What can’t be so easily ignored is the number of dialogue and story choices forced upon you with some urgency at regular intervals. As we mentioned, the Thorton bullshit-ometer will convert almost anything you say into something irritating, but that’s not to say that you aren’t going to affect things based on your responses. While other similar games might build to a choreographed and climactic big choice or two, here they seem to lie around every corner. This is arguably Alpha Protocol‘s biggest draw: the fact that there are so many choices that are both important but not always in a way that is immediately obvious, threading various characters and sub plots through the mission hubs, before largely tying up most remaining loose ends during the endgame. (I say largely, because there are so many different permutations that some characters may disappear or not have closure for their stories, depending on your choices). It’s remarkable how the developers managed to weave it all together in a coherent fashion (and I particularly like the little summaries of what actually happened during each mission, in addition to your usual stats, which helps in this regard); and exploring different paths via multiple attempts is eminently possible due to a relatively manageable playtime of around 15 hours or so.
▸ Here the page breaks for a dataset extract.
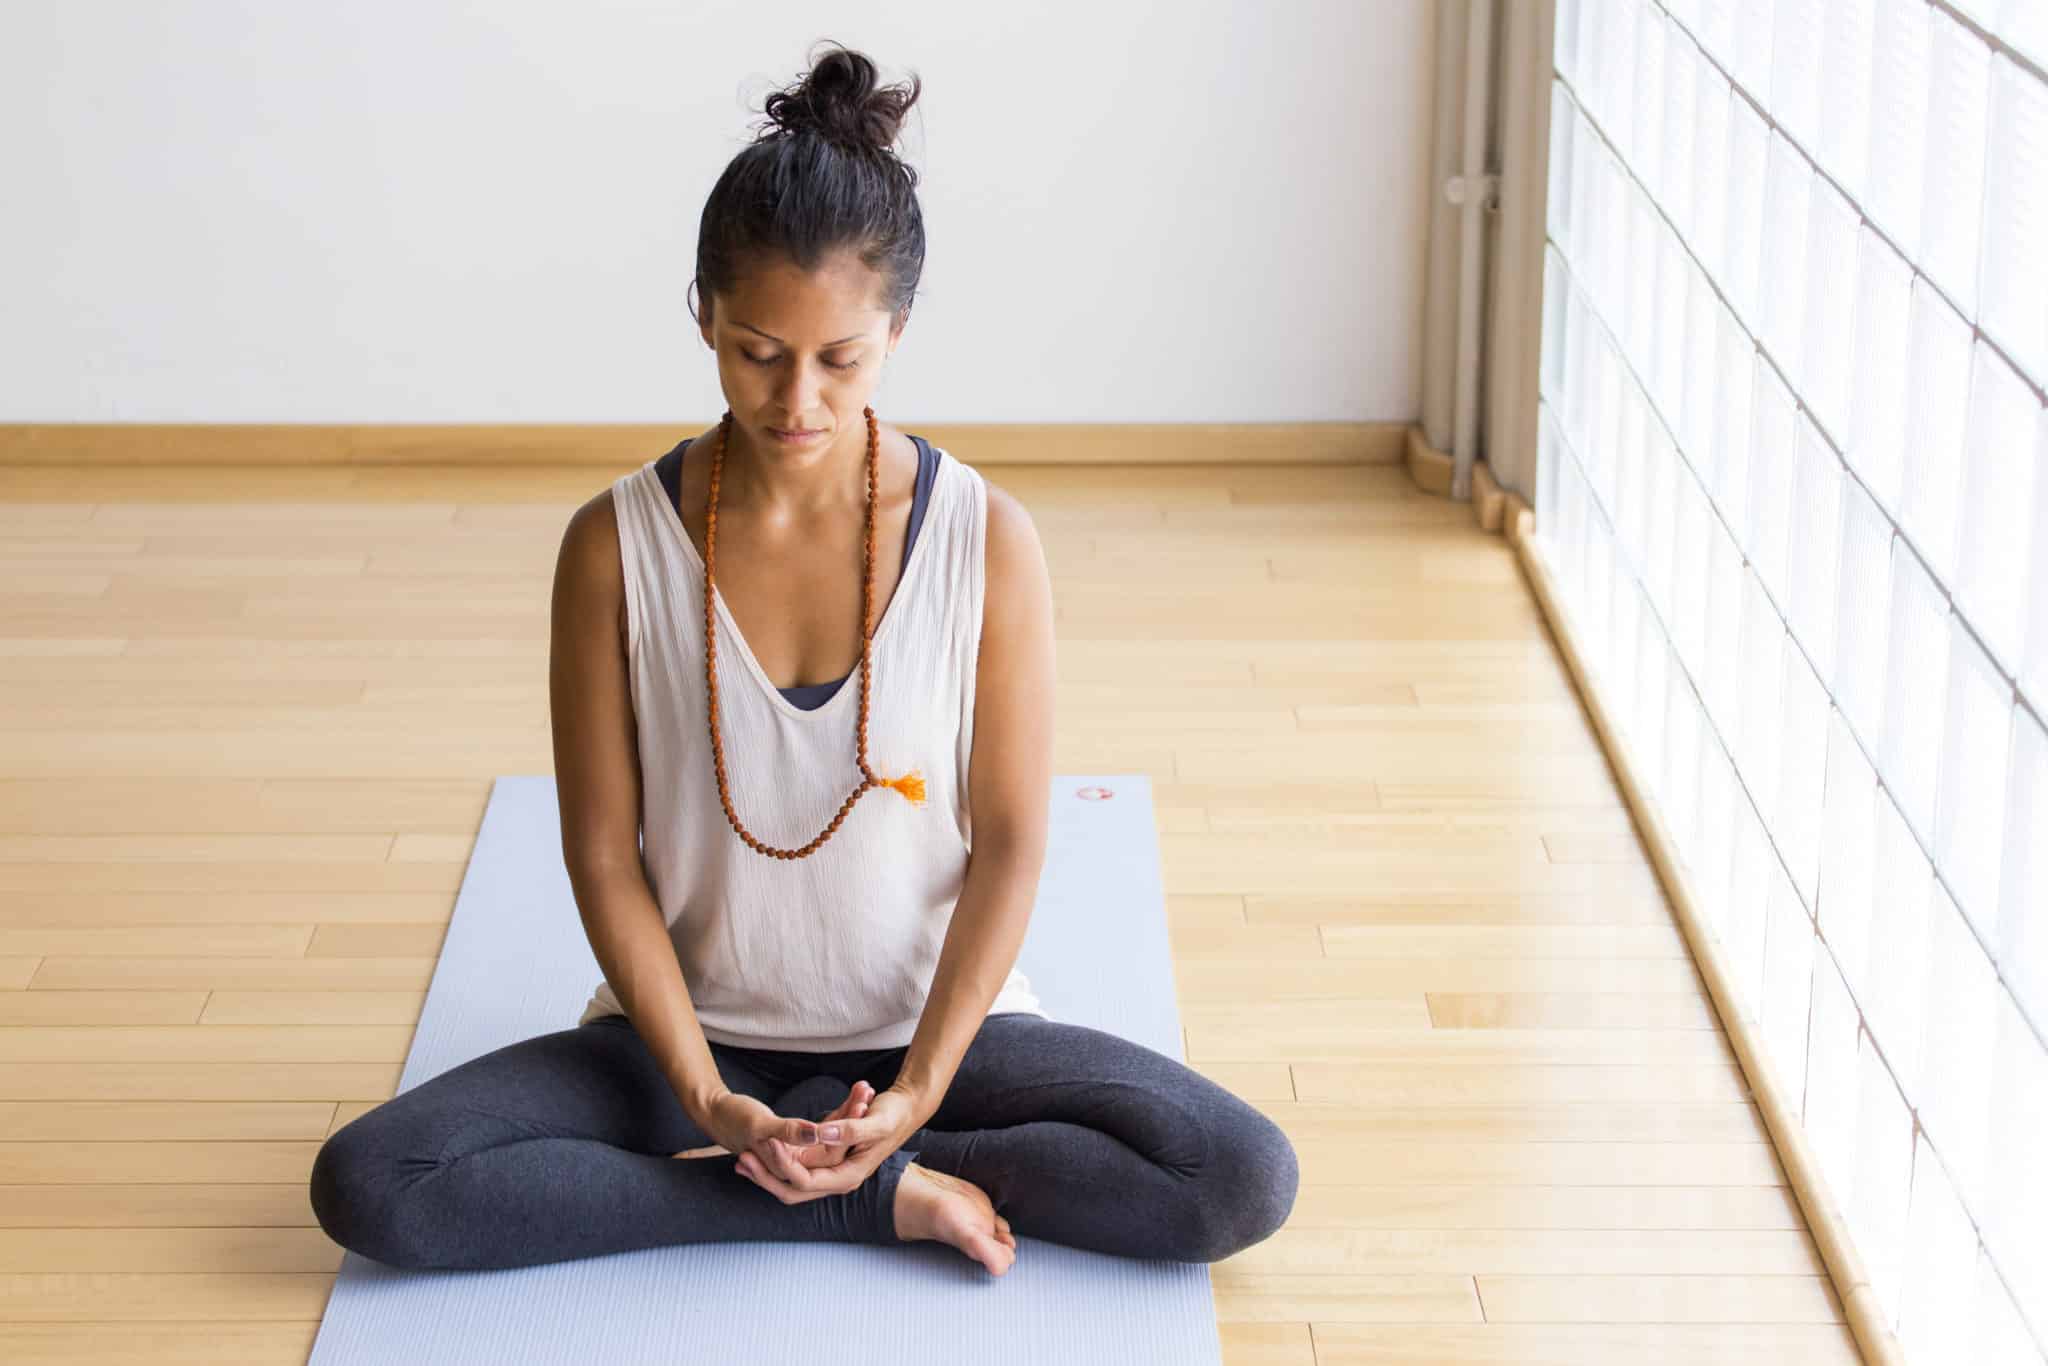 Опасность медитации - польза и вред, негативные эффекты практики для тела и психики

It’s ok, he won’t see me here.

That impressiveness comes at a cost elsewhere, with the game veering from mildly scrappy to genuinely buggy at various points, although in my case the latter never affected progress, and the most significant glitch I noted was Mike’s glasses and beard combo disappearing and reappearing during cut scenes. Since its release, details of the game’s troubled development have emerged, partly to try and make sense both of the critical shrug the game received upon release, and the cult following it’s since garnered.

Alpha Protocol is definitely an unpolished and sometimes flawed game, but what it does well, few others can match. And it does it in a way that somehow makes you ignore not only the bugs, but the silly script, the over-explanation of the plot, the dislikeable main character, and the occasionally clumsy action. While recognising all of its flaws, I can’t help but be a sucker for an ambitious game with a story to tell, allied to some relatively uncomplicated action. Plus anything that I feel compelled to come back and complete more than once holds a special place in my heart.

So, following an uncharacteristic period of agonising about scores, I’d say that this is definitely a seven out of ten type of game, but one that can be raised to an eight at the discretion of a supportive reviewer. ‘More than the sum of its parts’ is a bit of a cop-out, perhaps, but it certainly applies here. Altogether, everything adds up to a satisfying whole that’s worth at least a couple of run-throughs. One of my favourite games of the last decade; one that made me think ‘modern’ RPGs might be for me, and thus the recipient of a solid FFG recommendation.